Whether the thresholding in the disconnected domain Referer is in the first url list.Otherwise, it determines the URL is that user is directly defeated manually in a browser
Enter URL generation, audit the URL.
Step 306, judge the thresholding in the domain Referer whether in the first url list.If so, step 309 is turned to, otherwise,
Turn to step 307.
The thresholding in the domain Referer is judged whether in the first url list, that is, judges whether the URL is from default website
Whether chain is taken in URL, if so, judging URL in the second url list.Otherwise, it determines the URL is from except default website
Whether chain is taken in the URL of website in addition, further determine that the thresholding in the domain Referer in URL cache pool.

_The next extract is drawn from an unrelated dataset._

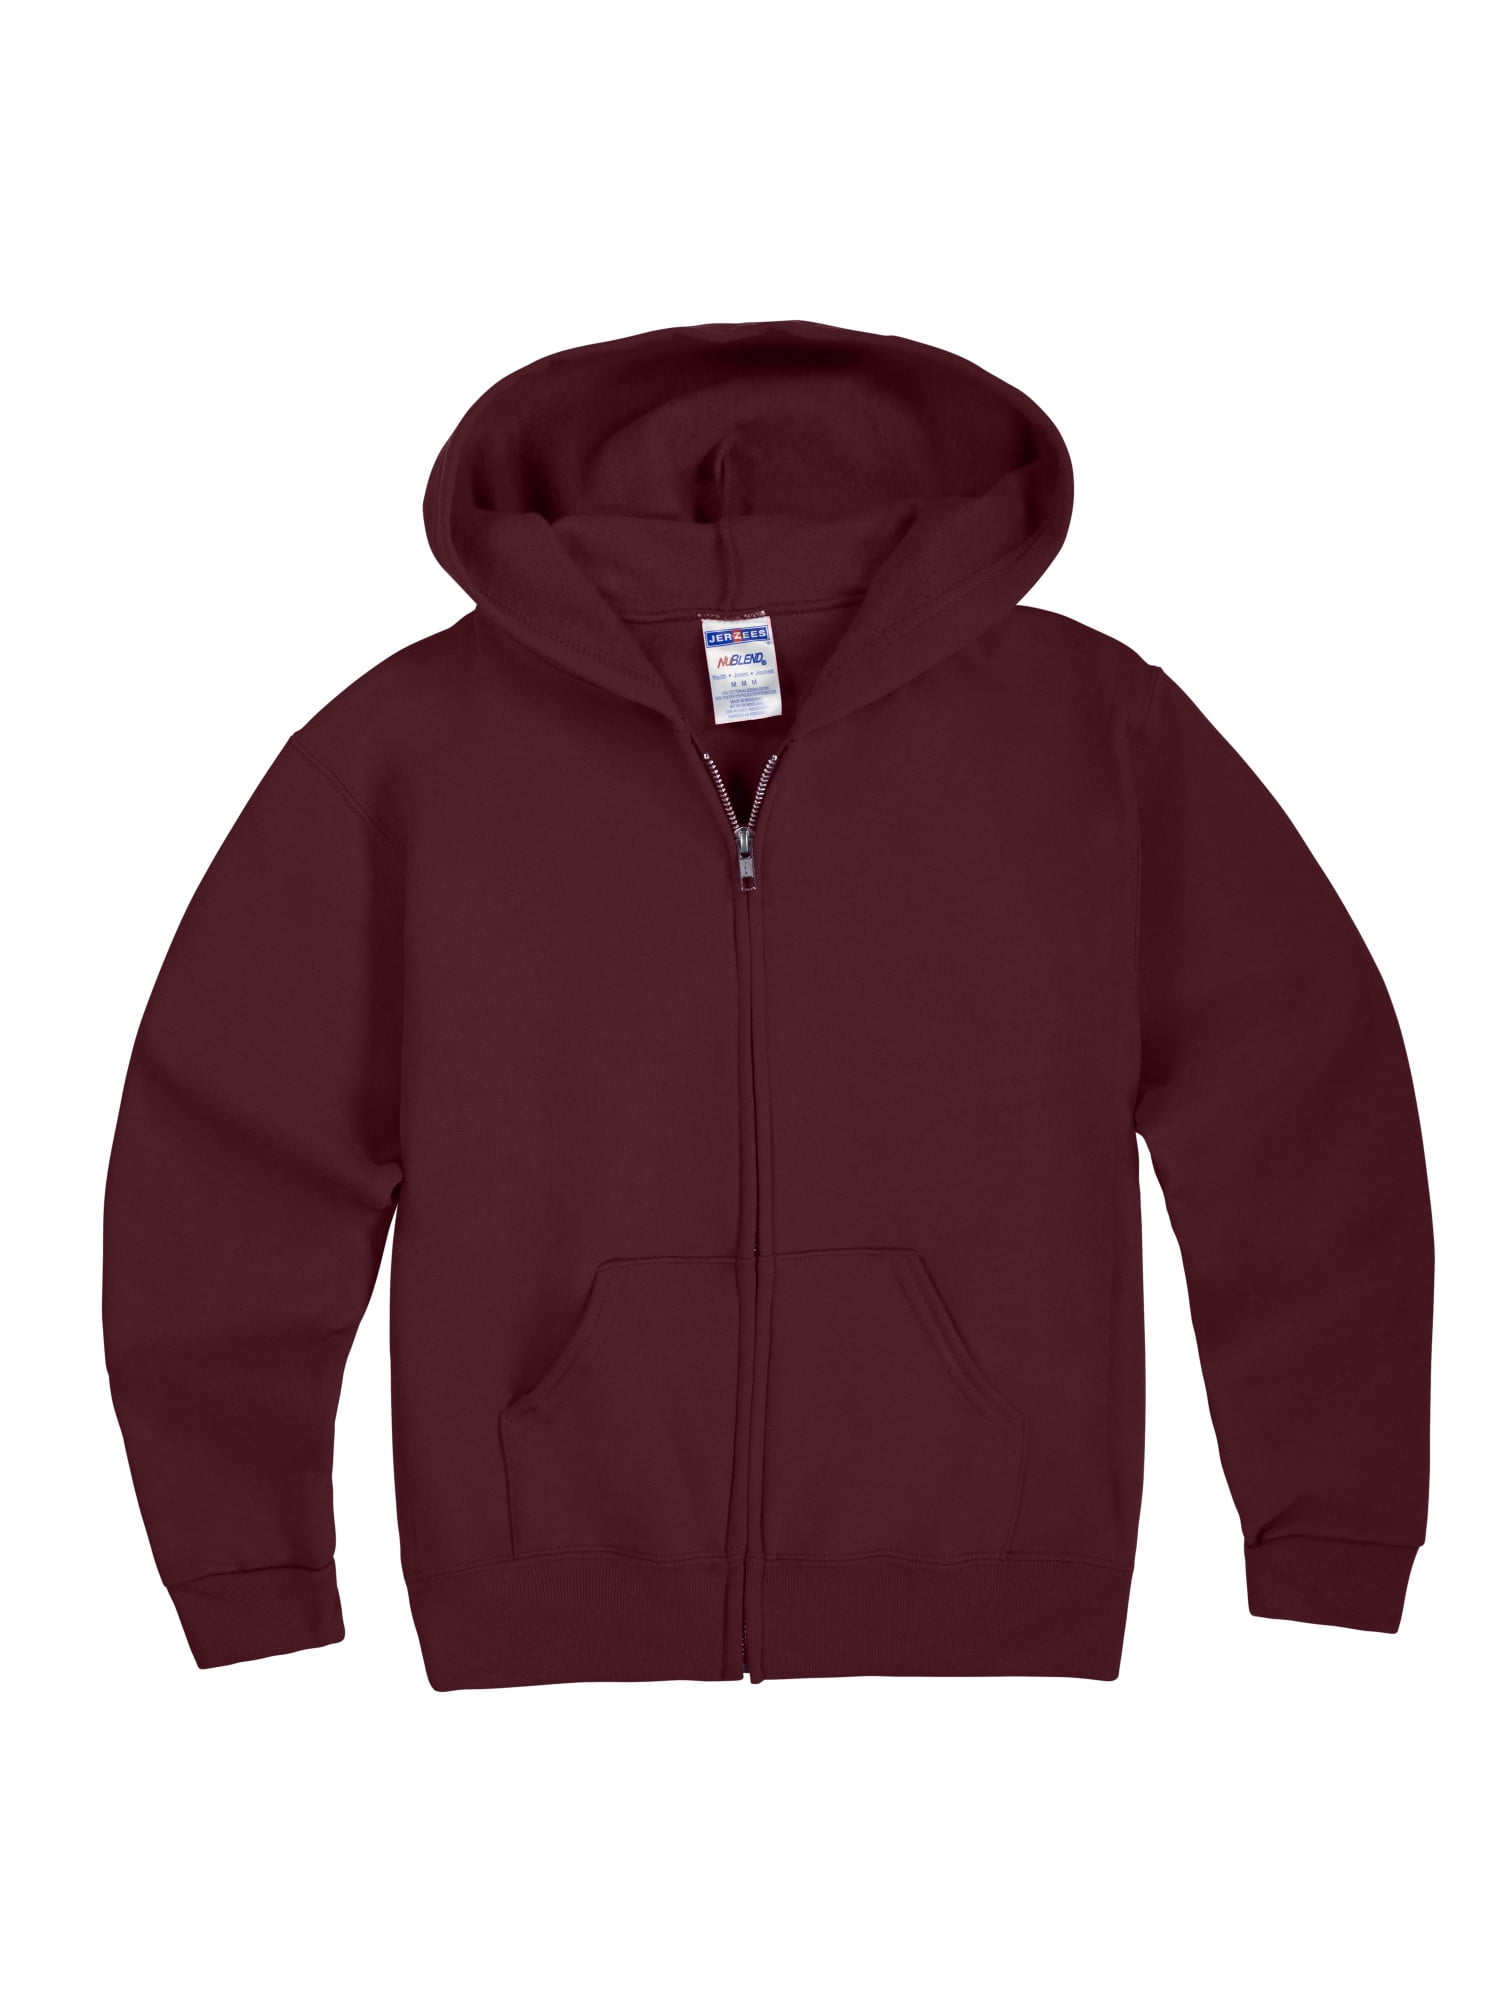 Youth Full-Zip Hooded Sweatshirts in 22 Colors Joe's USA

Step 307, judge the thresholding in the domain Referer whether in URL cache pool.If so, otherwise the URL that do not audit turns
To step 308.
Judge the thresholding in the domain Referer whether in URL cache pool.If it is corresponding to have existed the URL in URL cache pool
The domain Referer thresholding, it is determined that the thresholding in the domain Referer is less than caching duration, and do not audit the URL.If slow in URL
Depositing Chi Zhongwei, there are the thresholdings in the domain Referer, then need URL cache pool is added, and carry out caching timing, and auditing should
URL。
Step 308, cache pool is added in URL, carries out caching timing.
After URL cache pool is added in the URL, caching timing is carried out, until when the URL is buffered in the caching of URL cache pool
After length is expired, which is deleted from URL cache pool.

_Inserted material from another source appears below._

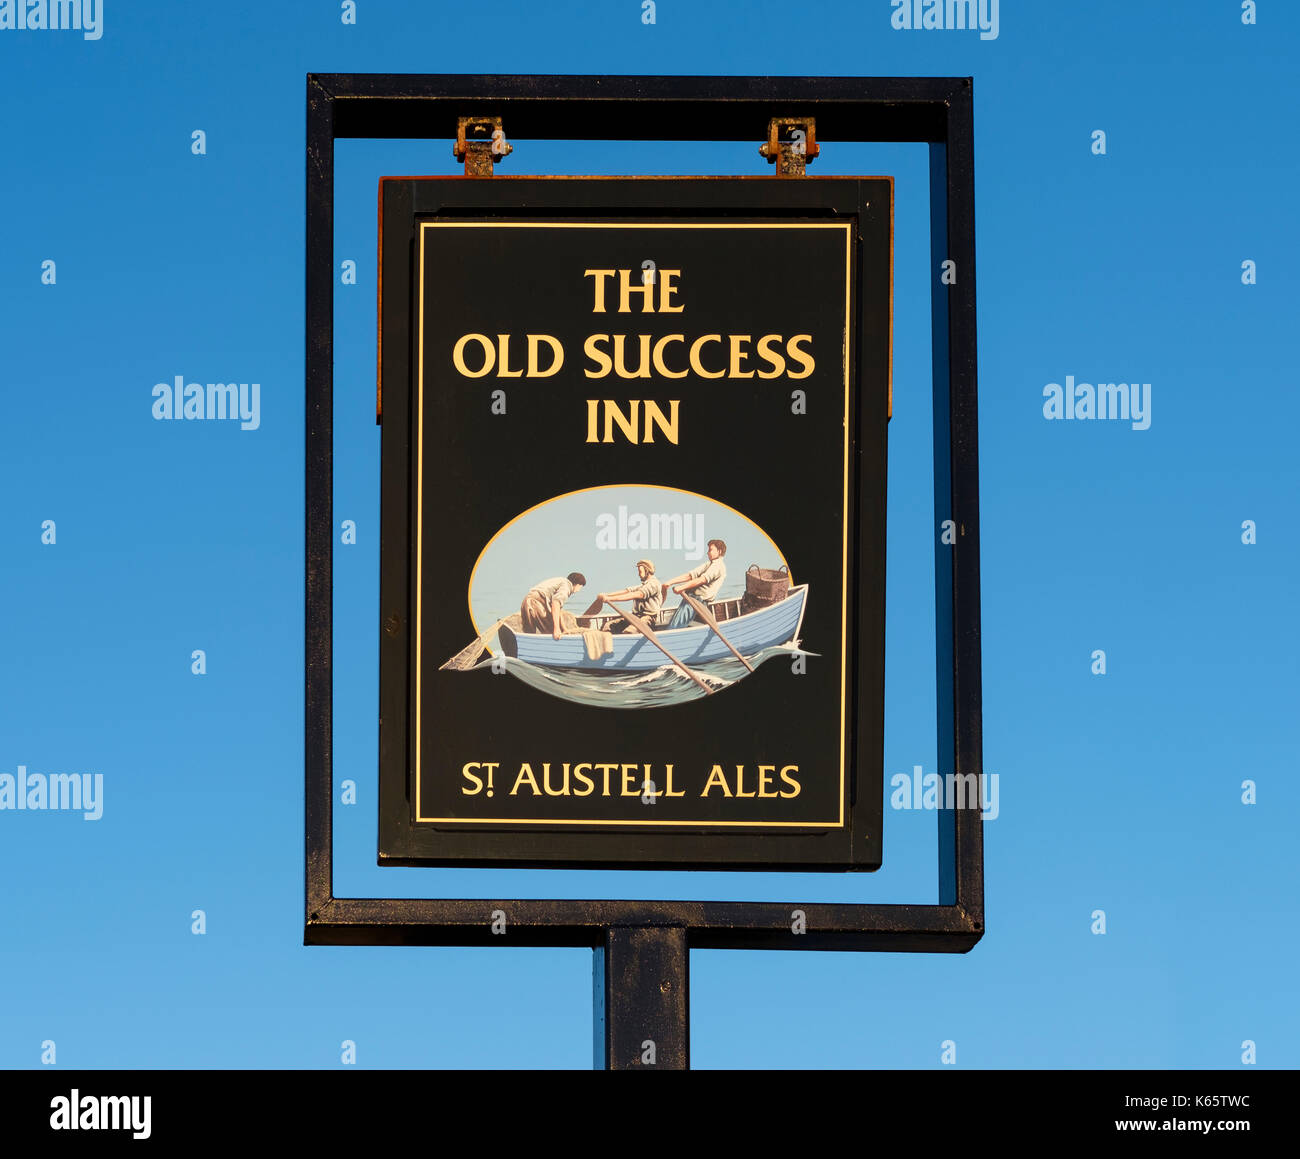 Tavern sign of Old Success Inn, St Austell Ales, Pub, Sennen Cove, Sennen, Sennen, Cornwall, England, Great Britain Stock Photo

Step 309, judge URL whether in the second url list.If so, the URL that do not audit, otherwise, audit the URL.
URL is judged whether in the second url list, that is, judges whether the URL is that browser accesses in the first url list
When URL, the URL that automatically generates.If so, determining that the URL is automatically generated, do not need to audit.Otherwise, audit the URL.
In above-described embodiment, after determining the URL suffix in preset suffix list of not auditing, the stream of Fig. 4 can be executed
Journey, specific as follows:
Step 401, judge the thresholding in the domain Referer whether not for sky.If so, otherwise turning to step 402 does not audit this
URL。
The thresholding in the domain Referer is judged whether not for sky, i.e., in the suffix for determining the URL in preset suffix column of not auditing
After in table, judge whether the URL is that certain page link comes.If the URL is that certain page link comes, judge the URL's
Whether the thresholding in the domain Referer is in URL cache pool.If the URL is not that certain page link comes, do not audit the URL.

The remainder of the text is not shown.